Rights probe welcomed

2013-07-22 00:00

THE KZN Health Department said it welcomes an investigation by the SA Human Rights Commission (SAHRC) into its controversial decision to halt the operation of two cancer radiotherapy machines at Addington Hospital earlier this year.

The department maintains that its actions in stopping the use of the machines pending the outcome of a fraud probe into the maintenance contract awarded to Tecmed — the company that also installed the machines — were “misunderstood”.

The department also insists that the fact that machines were not operational for a period of about four months from the beginning of the year did not compromise the health or lives of its oncology patients.
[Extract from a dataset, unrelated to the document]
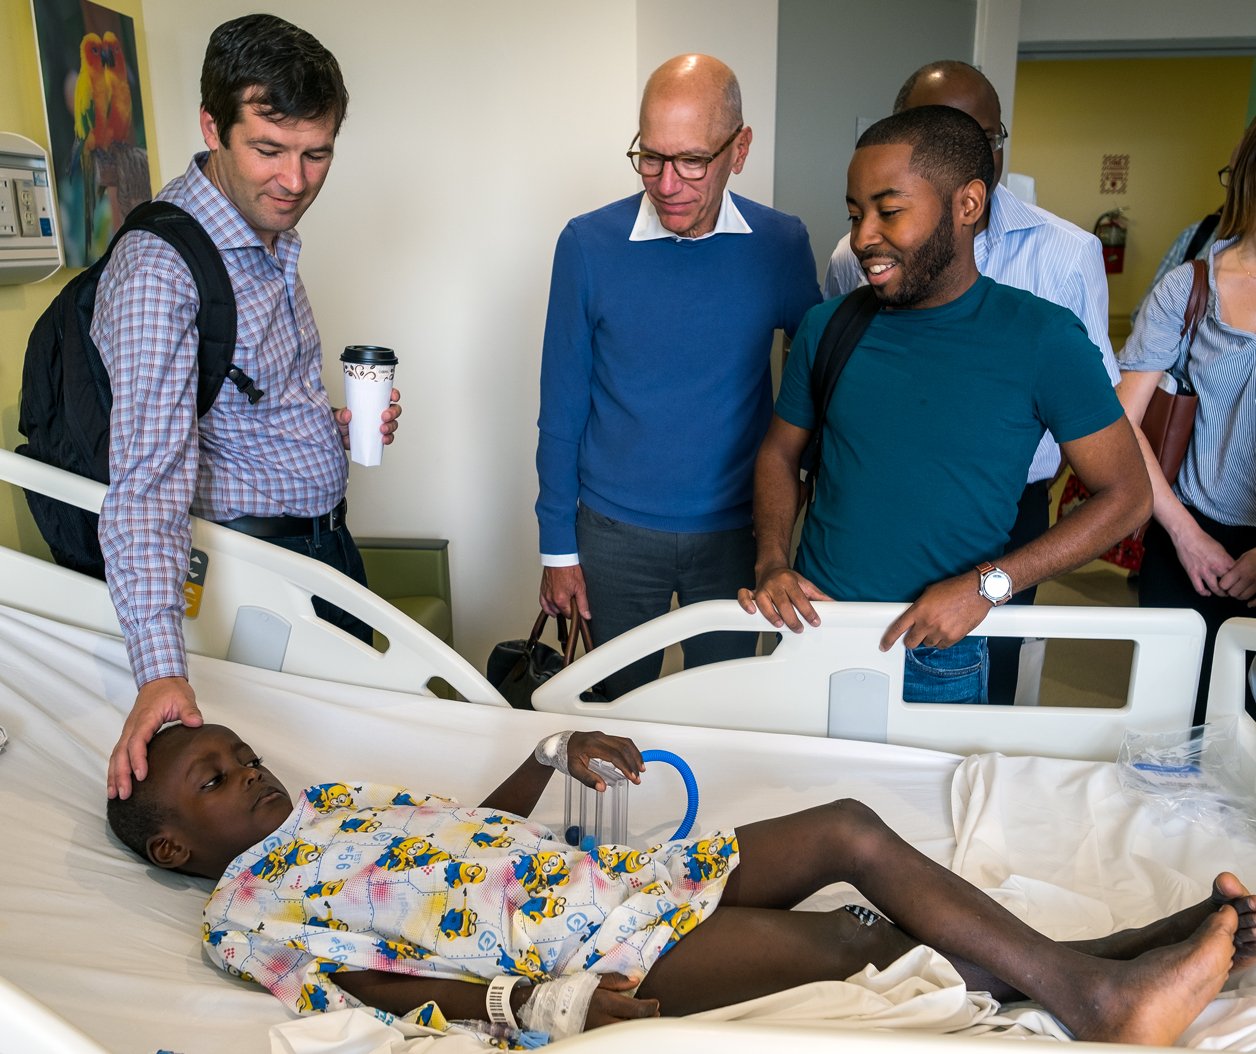 Before his surgery, Woodmylens meets Dr. Adams and team members from the Mitral Foundation and Haiti Cardiac Alliance.

Responding to the announcement by the SAHRC that it is to investigate complaints about the department’s failure to keep the machines operational, the head of the department Dr Sibongile Zungu said at the weekend the decision to halt the use of the machines had followed lengthy internal investigations into the procurement process involving the machines and the service provider in question.
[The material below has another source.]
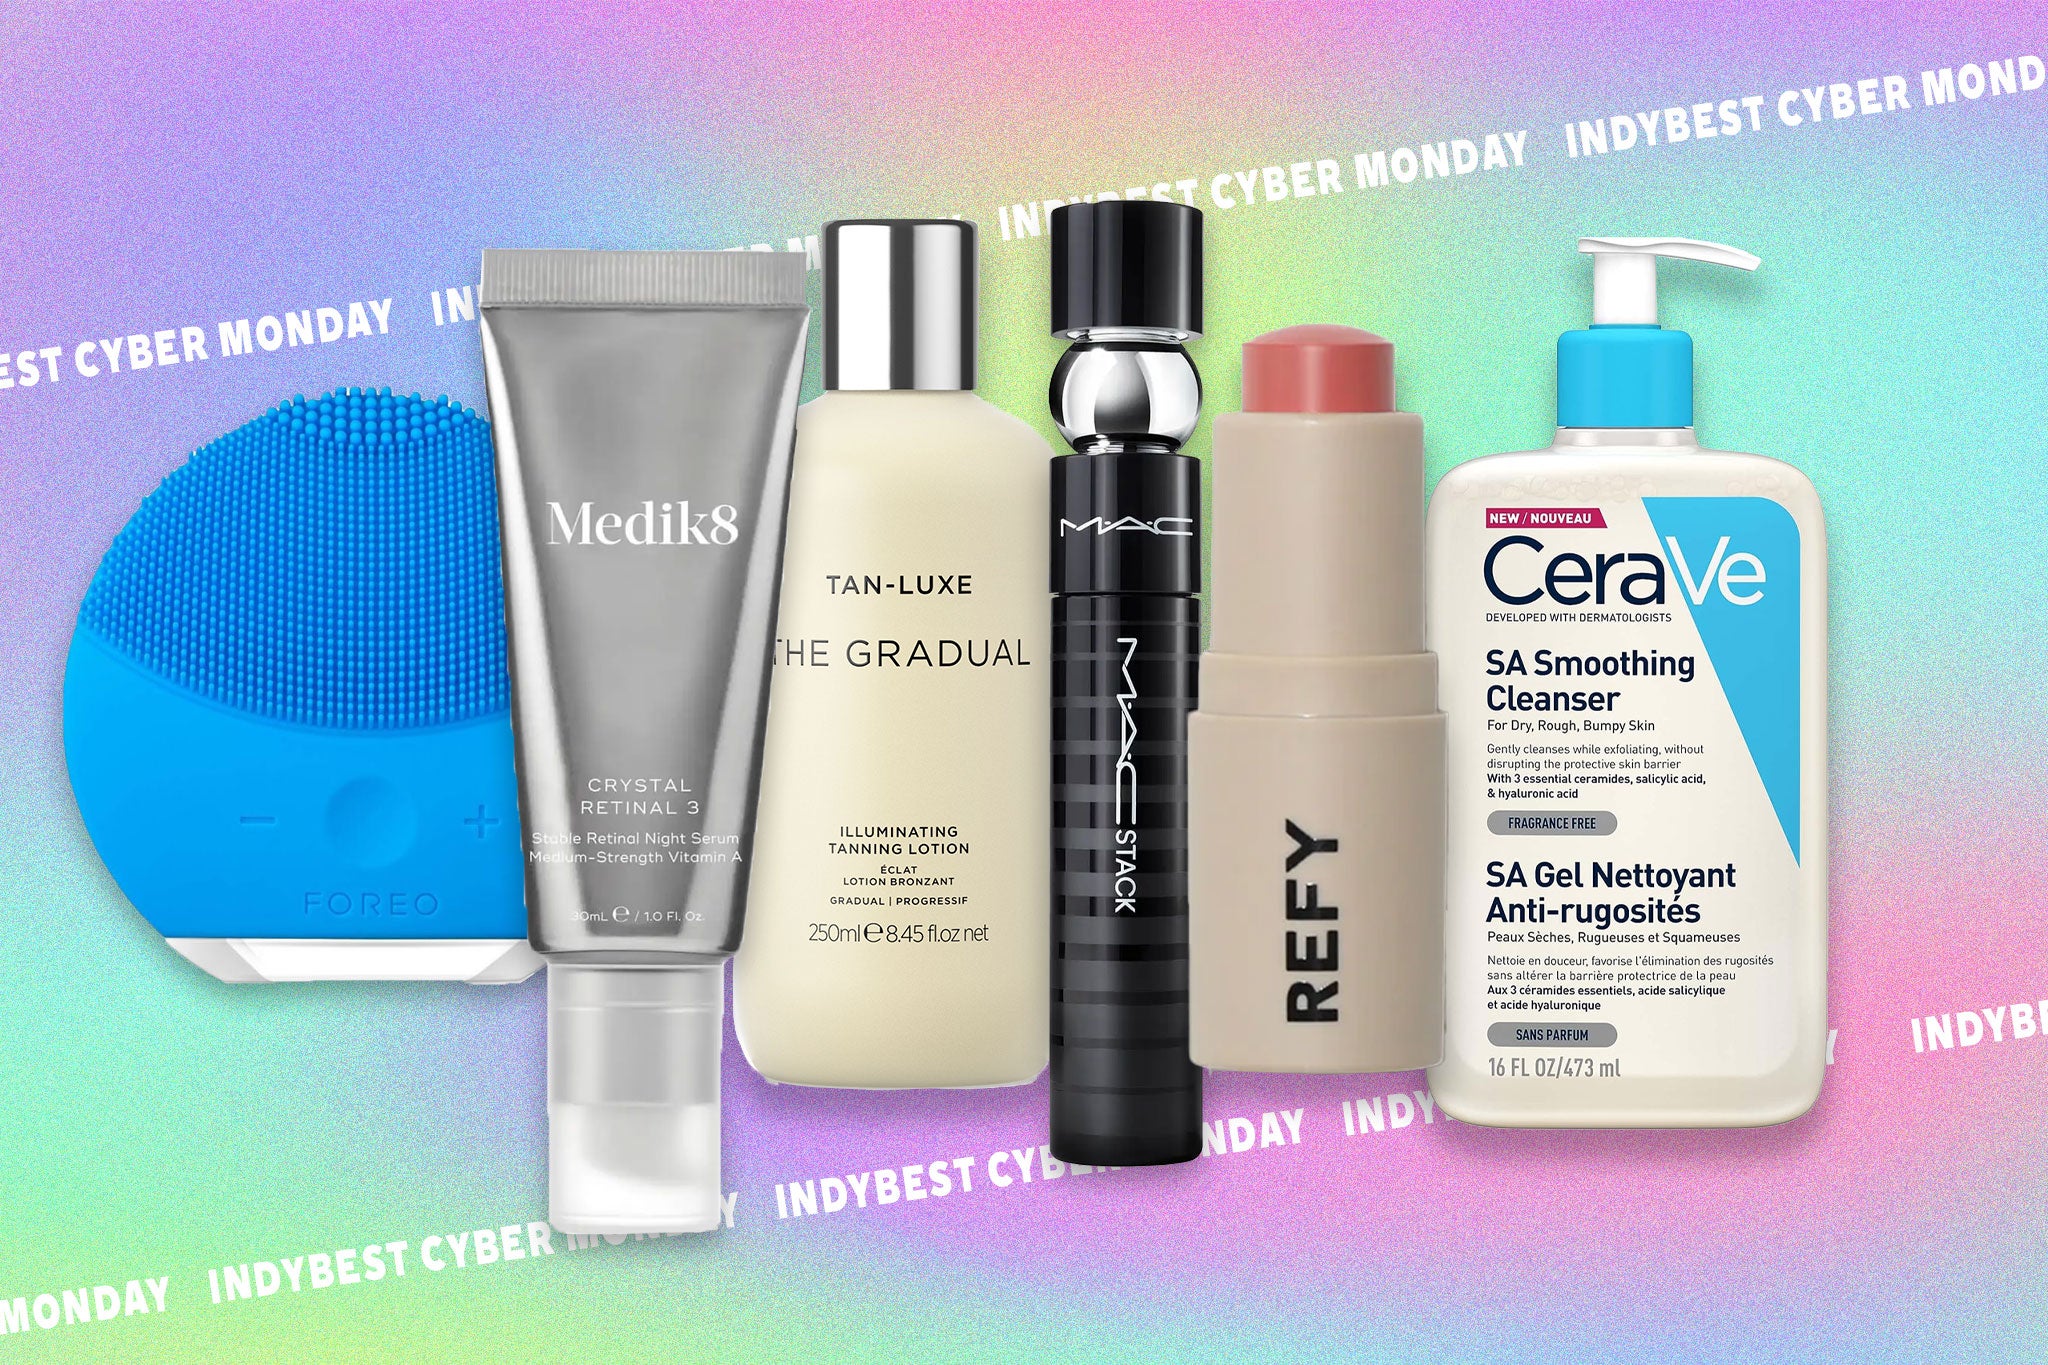 black friday, beauty, make-up, indybest, amazon, black friday, best cyber monday beauty deals on make-up, skincare and more

The department could not allow millions of rands being lost pending finality in the matter.

But Zungu said before stopping the use of the machines the department had put in place a number of measures to ensure that patients’ treatment would not be compromised.

These included the free transportation of affected patients to other state health facilities to continue their treatment and the prioritisation of “urgent cases”.

Zungu said in a statement it was unfortunate that the matter had been “misunderstood by some and taken out of context by others who sought to exploit the issue for their own agendas”.

The department’s spokesperson Desmond Motha confirmed yesterday that the two radiotherapy machines have been back in operation since last month when KZN Health MEC Sibongeniseni Dhlomo announced that the department would resume paying the maintenance contract on a “month-to-month” basis.

“In the meantime, the criminal investigation by the Hawks is ongoing,” Motha said.

Due to the legal implications of the case, the department was not in a position to expand further at this stage on the reasons for its decision.

Zungu said that the SAHRC investigation will enable the department to “place the matter in perspective and address allegations that it compromised patients’ lives”.

“We look forward to engaging with the SAHRC on the issue,” she said.

The department’s failure to pay the maintenance contracts reportedly led to the resignation of the head of the hospital’s oncology department, Professor Amo Jordaan, in December.